| | Maev Kennedy visits Molvania, a land so far off the beaten track
that no one knows where to find it Saturday May 1, 2004 The Guardian
Molvania: A Land Untouched by Modern Dentistry by Santo Cilauro, Tom
Gleisner and Rob Sitch 296pp, Jetlag Travel Guide, £8.99 As the
EU flings its arms wide to embrace the new members of the family, legions of travellers
will be pondering a suddenly richer, broader, and stranger holiday horizon. I
cannot commend too highly this superb guide to a terra which, I am prepared to
wager a fistful of Molvanian struvls, has been the most incognita of all. Many
elements of the country's culture and topography will be instantly recognisable
to seasoned wanderers: the bald mountains and the bare plains - a remarkable landscape
now under consideration by Unesco as a world heritage site, cited as "a site
of significant monotony" - the ancient towns and the sometimes startling
impact on them of Soviet-era concrete brutalism, the friendly but notably unobsequious
welcome for strangers, and the heavy emphasis in the native diet on the pig, the
cabbage and the beet. Its history, at a crossroads of Europe tramped by
every invader from east or west, north or south, is tragic and tragically often
overlooked. The brutal pragmatism of the country's first king and patron saint,
Fyodor I - who "set about unifying his country by killing off as many of
its citizens as he could. Those not murdered or imprisoned were forced into teaching"

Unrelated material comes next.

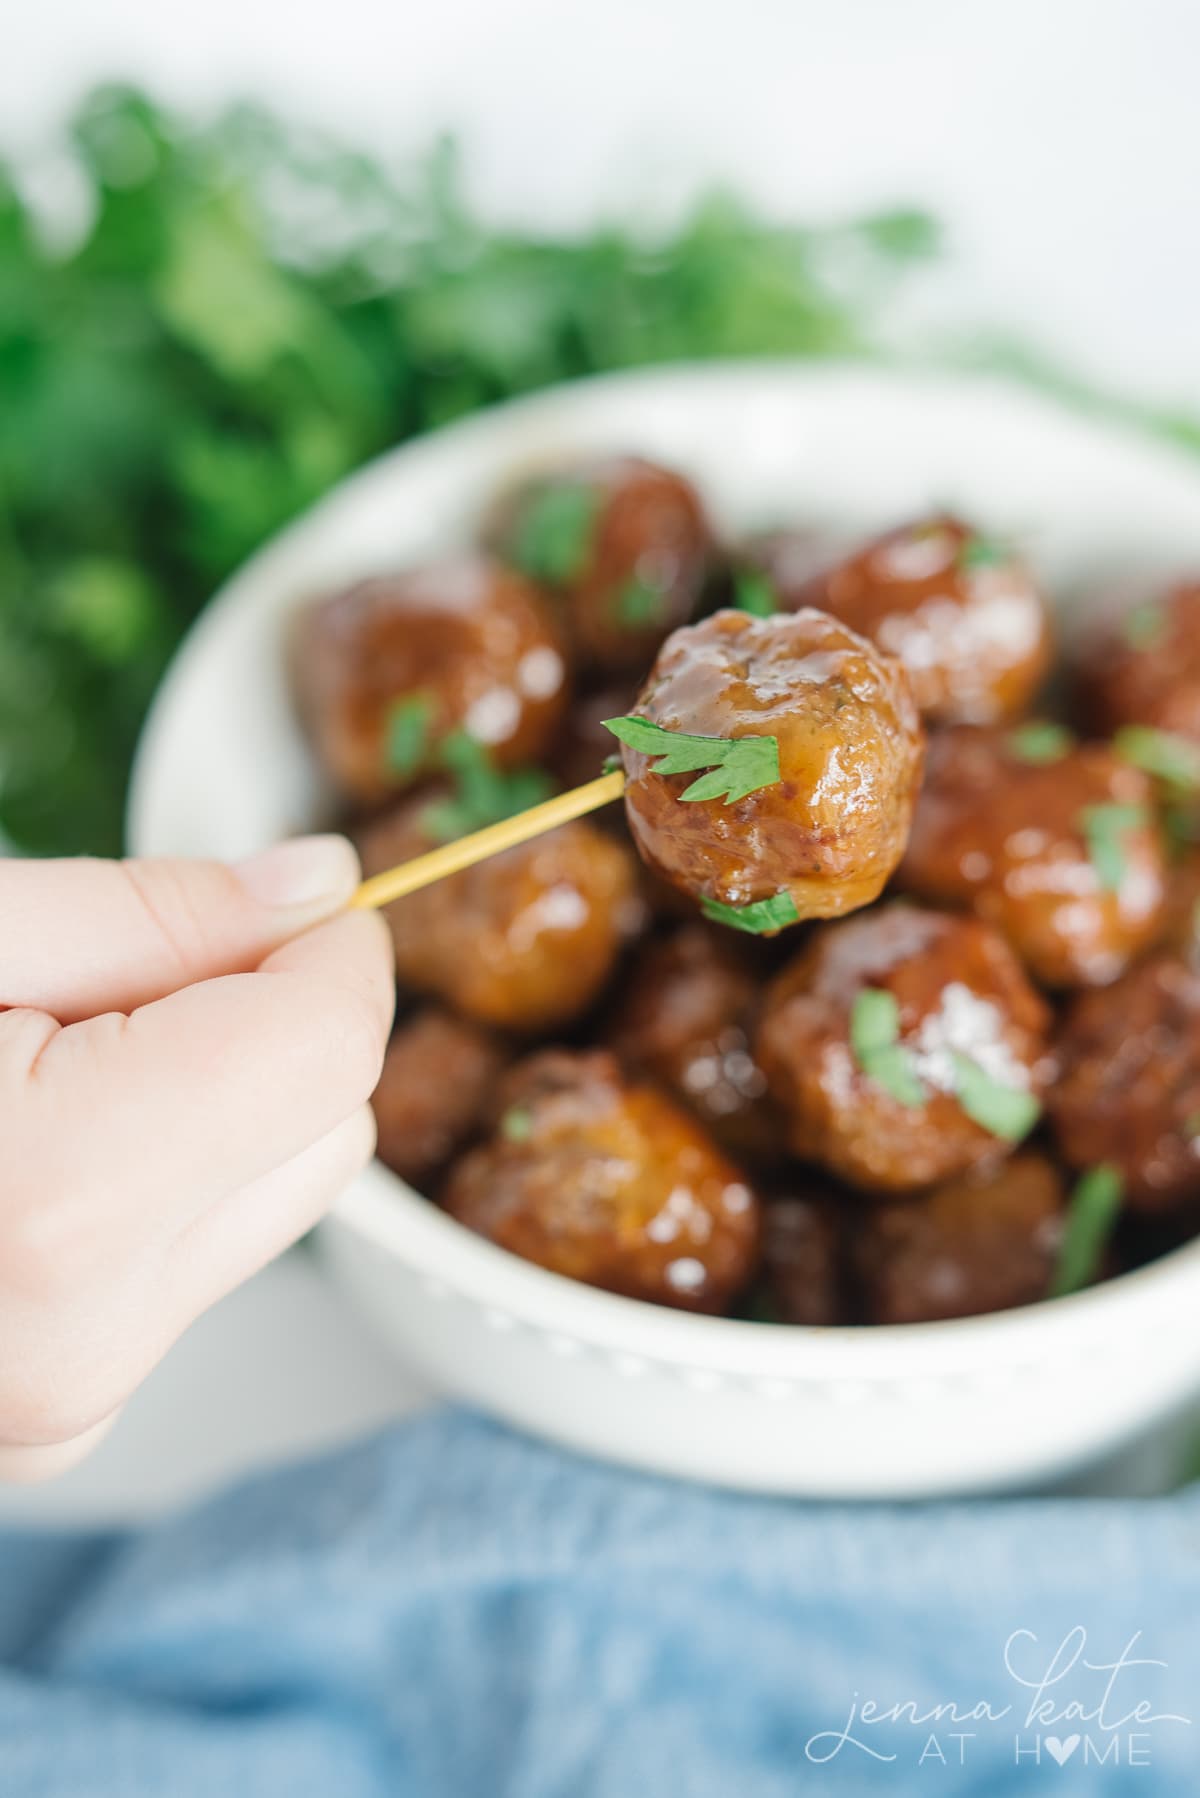 Meatball on a toothpick, easy party appetizers cooked in the crockpot

- should be more familiar to every European schoolchild. I am certain that
I stayed in the former Carmelite convent in Bardjov - a town famous for its bitter
prevailing wind and its massive cement works, said to have inspired Shakespeare's
spiteful lines "Curs'd dominion foul poxen layer". The beautifully converted
convent is justly listed in the "luxury accommodation" category, which
notes the "real eye for period detail" of the designer. "For example
each room features a large wooden crucifix that opens to reveal a fully stocked
mini-bar." I believe I actually crossed the path of one of the contributors,
Philippe Miseree ("a professional traveller since his youth, there is not
a city or town Philippe has not recently been disappointed by", as the guide
describes him). We bumped into one another, alas, at the Boots travel sickness
remedies counter in Heathrow Terminal 3, not in Molvania's Katflaap nightclub
where we might have swapped travellers' tales over a garlic vodka. Miseree contributes
many of the shrewdest observations: "Why pay for a bland westernised meal
in an overpriced tourist café when, for half the cost, a street vendor
will sell you a piece of salted cod and a bag of lemon rind?" he remarks
of the tourist traps on the outer fringes of the Postenwalj national park. More
timid travellers may find themselves in the Gostinka Lec, washing down a bowl
of zucchini fritters with a glass of the garden-loving host's speciality, sparkling
zucchini beer. Despite the superficial familiarity of much of the material
- who has not shared the experience, reported to the guide by recent visitors,
of being physically attacked by their hotel owners when they came down a few minutes
late to breakfast? - it takes this book to tease out the country's uniquely Molvanian
qualities: the national fascination with dentistry as a spectactor sport; the
beautiful national park, now largely restored after the chemical spill incident;
the surprising range of desserts based on parsnips; and ancient Gyorik, home of
bubonic plague. You could describe this guide as an unforgettable experience that
perhaps goes on for slightly too long. Nevertheless it is inescapably the moment
for Molvania, before Ryanair discovers Lutenblag. I hope the authors will
accept that it is with affectionate admiration of their extraordinary achievement
that I am forced to point out a howler in the text: the plant in the Lutenblag
Botanical Gardens which produces no flowers or leaves, only thorns (illustrated
on page 61), is not the Molvanian rose but the country's famous fruitless gooseberry,
internationally known as the emblem of the respected Institute of Obstetricians.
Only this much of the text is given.